Bojan Hodak resmi mengakhiri perjalanannya sebagai pelatih kepala Persib Bandung, meninggalkan warisan tiga gelar liga secara beruntun. Juru taktik asal Kroasia ini kini akan mengemban peran baru sebagai penasihat teknis klub, sementara kursi pelatih kepala akan diisi oleh Igor Tolic mulai musim depan.

Meski menutup masa kepelatihannya dengan prestasi gemilang, Hodak mengakui bahwa perjalanan tersebut tidak selalu mulus. Pelatih berusia 55 tahun itu menekankan bahwa keberhasilan Persib lahir dari kekompakan seluruh elemen di dalam klub. “Saat pertama datang ke sini, saya melihat banyak orang hebat di dalam tim. Semua bekerja dengan arah yang sama dan itu menjadi awal kami bisa meraih trofi,” ucapnya.

Menurut Hodak, tantangan terbesar justru hadir pada musim terakhir.

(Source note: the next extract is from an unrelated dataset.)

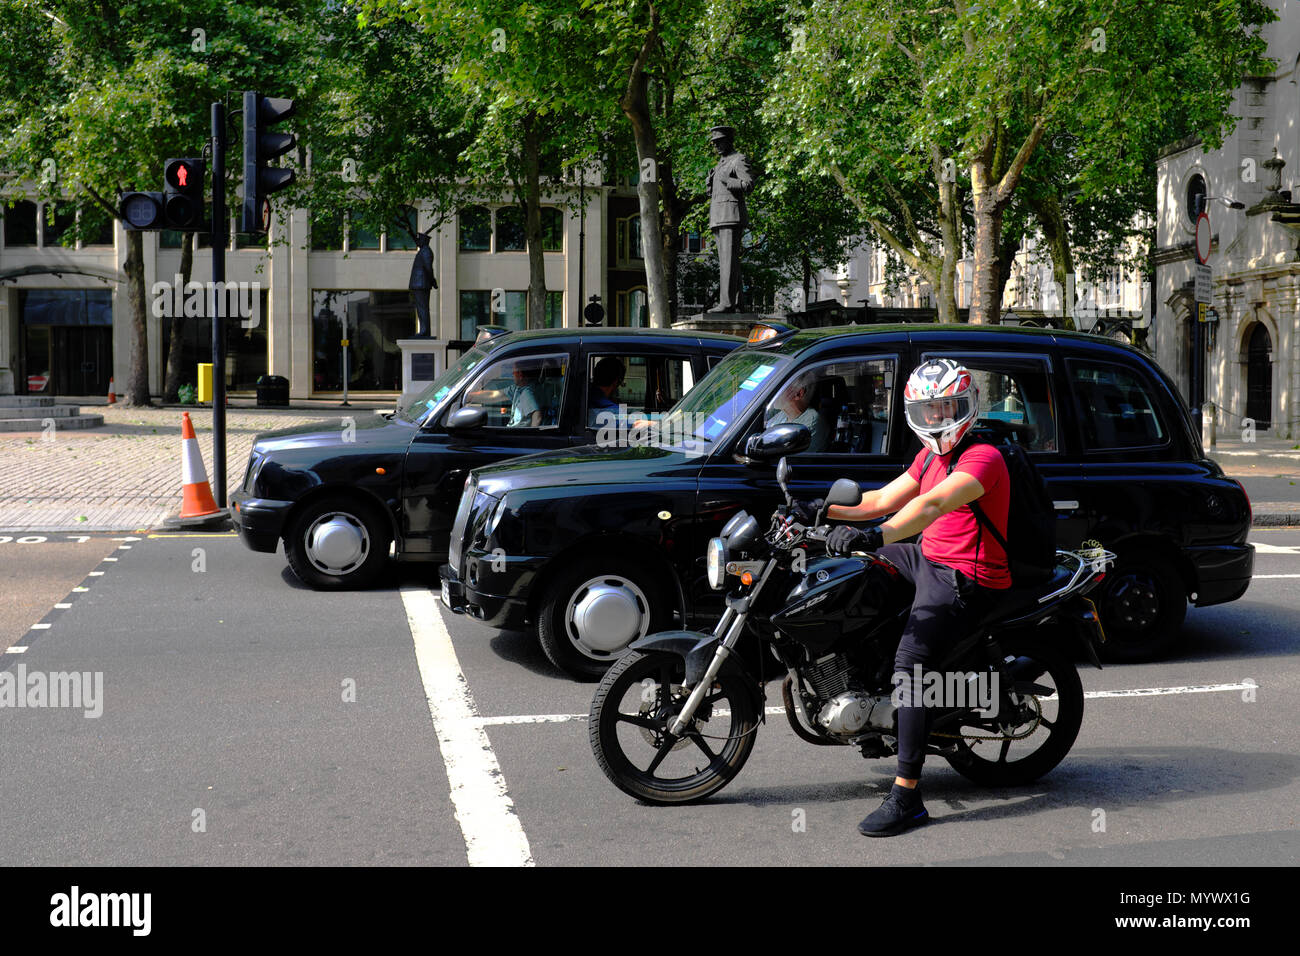 Moto e i Taxi in attesa di un semaforo, London, England, Regno Unito Foto Stock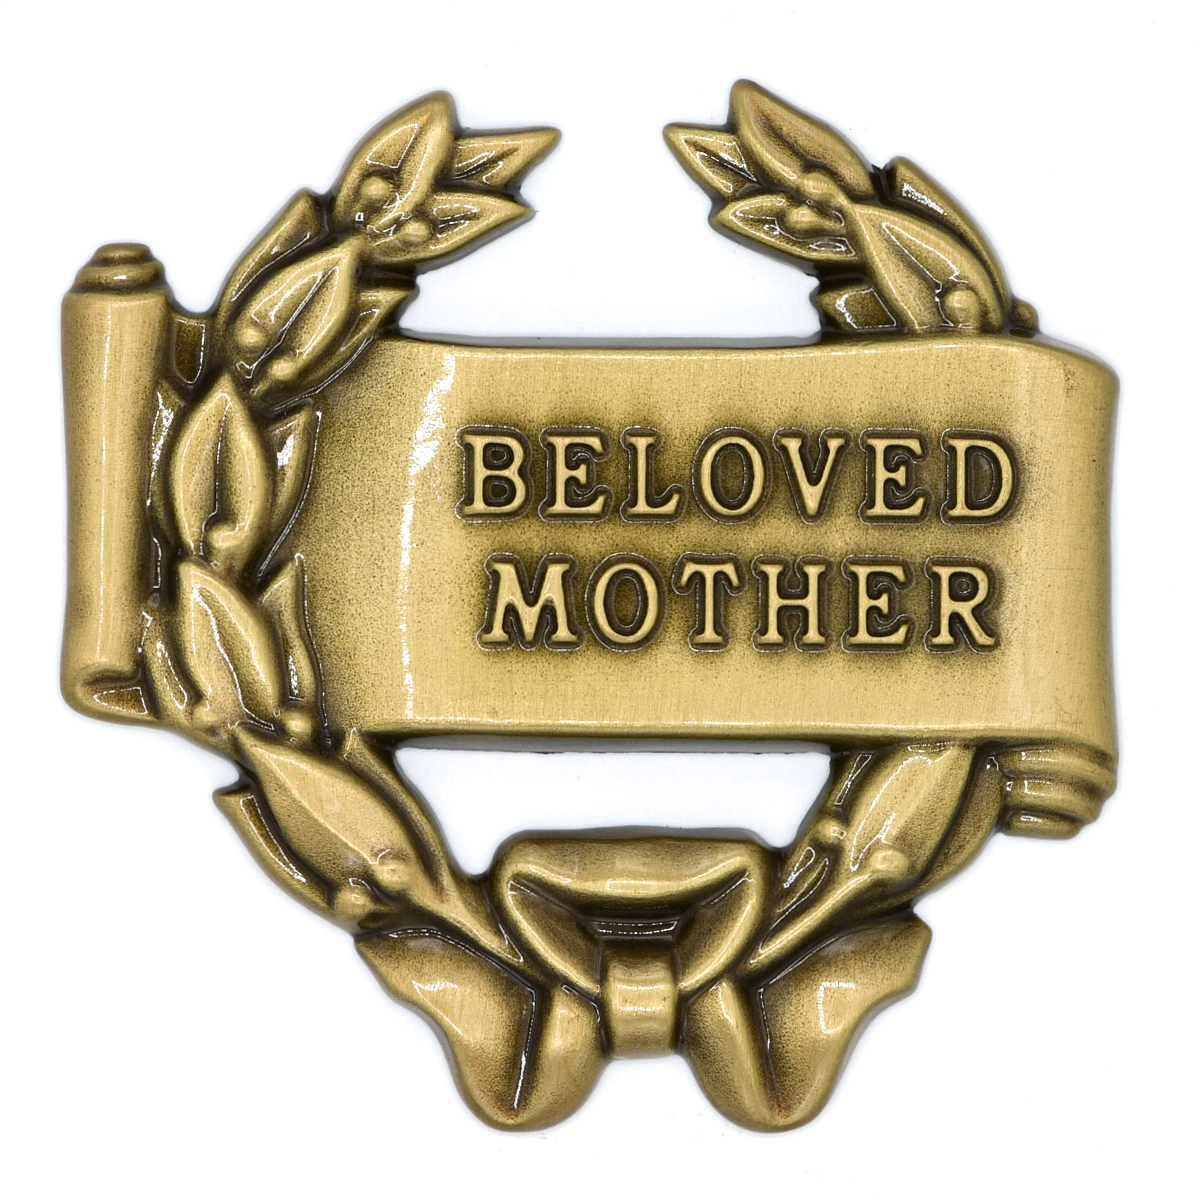 Beloved Mother 3.1 x 3.1″

Persib harus melakukan perubahan besar di dalam skuad, termasuk pergantian mayoritas pemain, di tengah ketatnya persaingan dengan klub-klub papan atas Super League.

“Musim ini jauh lebih berat dibanding sebelumnya. Kami harus membangun ulang tim, sementara klub lain juga makin kuat. Karena itu, pencapaian ini terasa sangat luar biasa,” tegas Hodak, menggambarkan betapa berharganya pencapaian hattrick juara tersebut.